The combined
use of both techniques represents a very efficient tool to study the internal cellular organization. Gonzalez-Robles et al. (2001) used fast freeze-fixation, followed by freeze-substitution, to study Acanthamoeba trophozoite ultrastructure, resulting in well-preserved images of the cytoplasm, cytoskeleton and plasma membrane. However, no analysis of the cyst wall was performed. When processed using the QF-DE technique, the exo- and the endocyst layers were well preserved, and presented the same structural organization and thickness as that observed in TEM preparations (689 and 396 nm of average thickness, respectively) (Fig. 2). The intercyst space, however, was narrower learn more when compared with chemically fixed preparations (Fig. 2a), with an average thickness of 301 nm. This space was not empty, but filled with 11-nm-thick filaments connecting the endocyst with the exocyst (Fig. 2b and d), indicating
that possibly conventional TEM is not Palbociclib able to evidence the structures present in that space or that the chemical fixation and dehydration procedures partially disrupt the amoebic cyst structure. The surface of the encysted amoeba was irregular, probably because of the presence of secreted vesicles associated with the formation of the exo- and the endocyst (Fig. 2c and e). Endocysts observed by QF-DE presented a biphasic organization: i.e. compact, close to the amoeba cell surface and looser in the outer region (brackets in Fig. 3a). The endocyst was composed of 10-nm-thick fibrous structures, similar to those present in the intercyst space (Fig. 3b and c), and dispersed in the contact areas with the exocyst, making it difficult to define the boundaries of the interspace matrix. Molecules with globular (50 nm) and tail (20 nm) portions were frequently SPTLC1 observed in both the endocyst and the interspace matrix (inset in Fig. 3b). The endocyst structure resembles the cellulose structure in plant cell walls, visualized by the QF-DE (McCann et al., 1990).
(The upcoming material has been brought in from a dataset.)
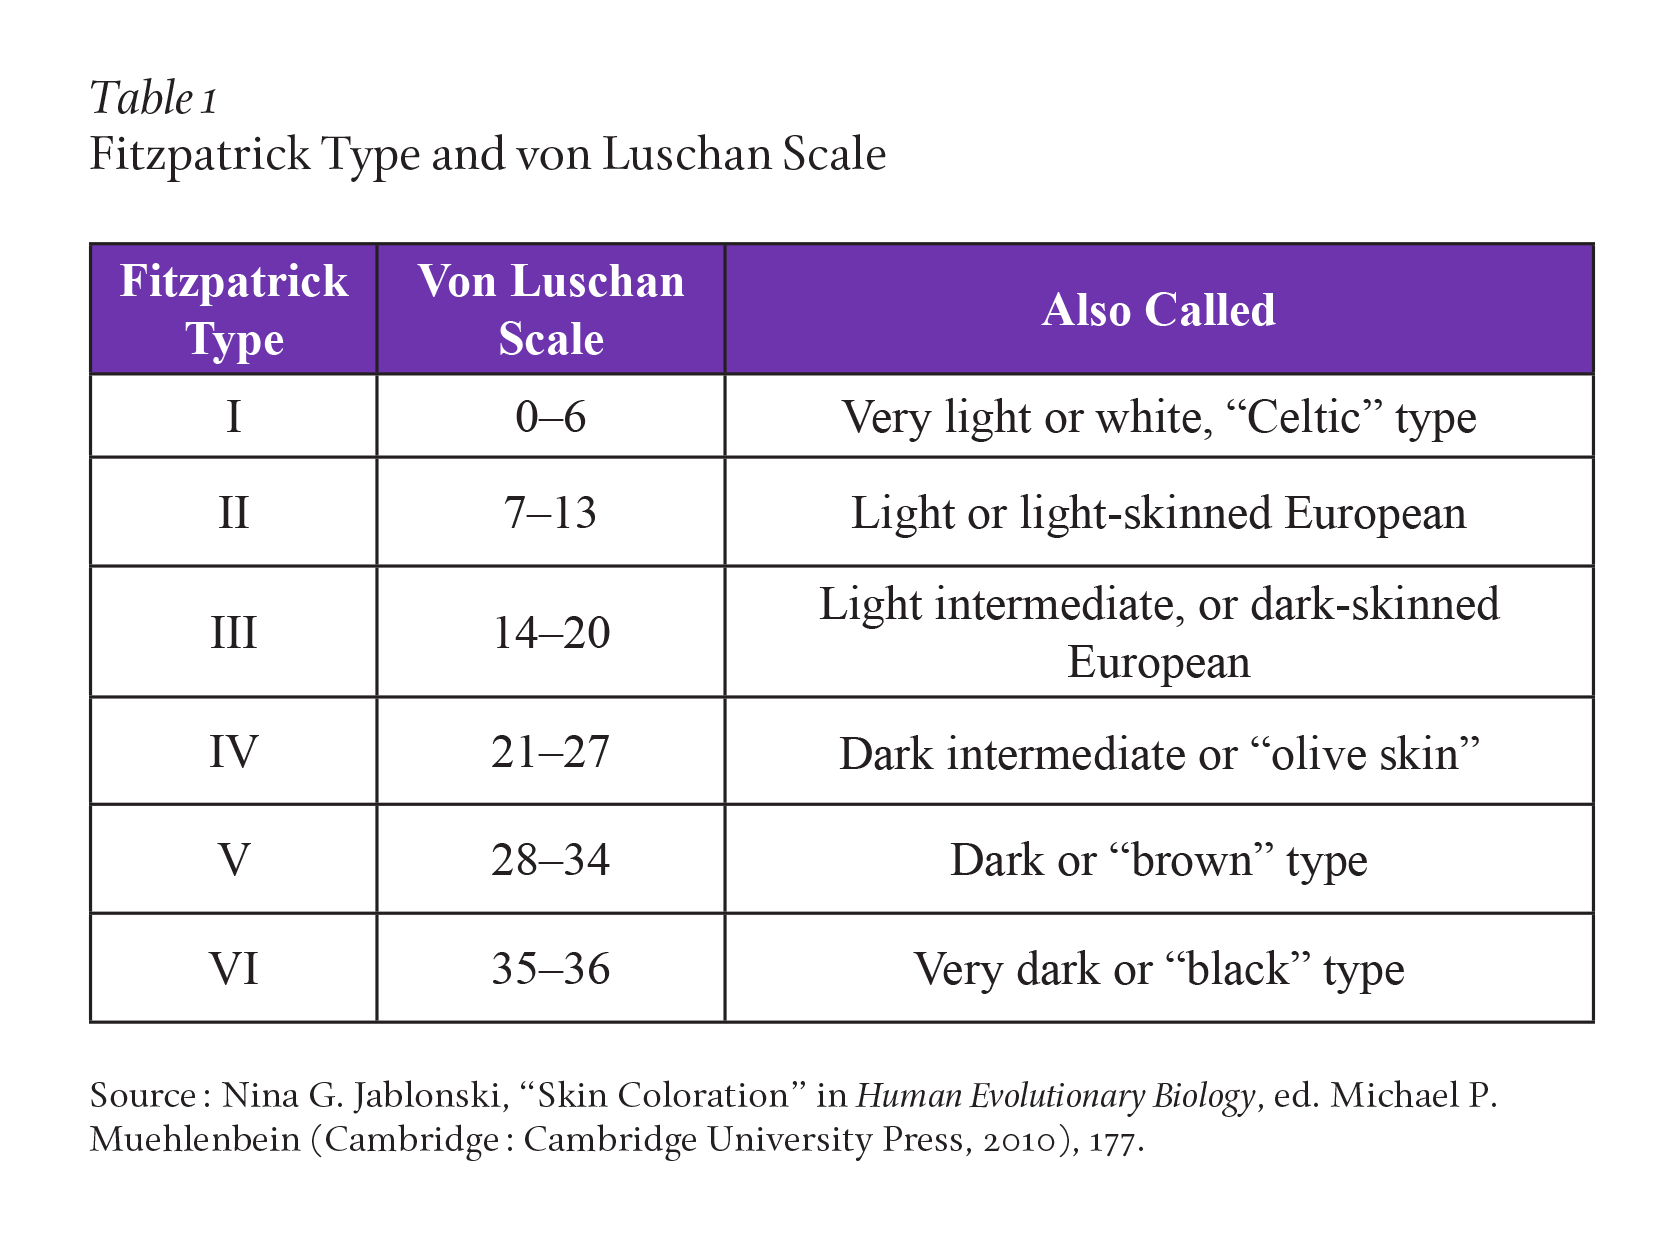 Table of Fitzpatrick Type and von Luschan Scale Values

Knowing that the endocyst is primarily composed
of cellulose (Linder et al., 2002), it is plausible that amoebae secrete cellulose, through vesicles, as the ones observed in the periphery region of encysted amoeba (Figs 2c and 3c), and the cellulose disperses around the intercyst space, in a loosen configuration. We also observed that endocyst filaments connect with the exocyst (Figs 2 and 3), indicating that this amoebic cell wall may be composed of a mixture of cellulosic filaments that come from the endocyst and other proteins and polysaccharides. This observation can be supported by evidence showing that cellulose can be found at the exocyst (Chavez-Munguia et al., 2005). The exocyst ultrastructure could be described as irregular and compact by both routine TEM and QF-DE (Figs 1 and 4a). Interestingly, vesicles ranging from 67 to 167 nm were observed within the exocyst wall (Fig.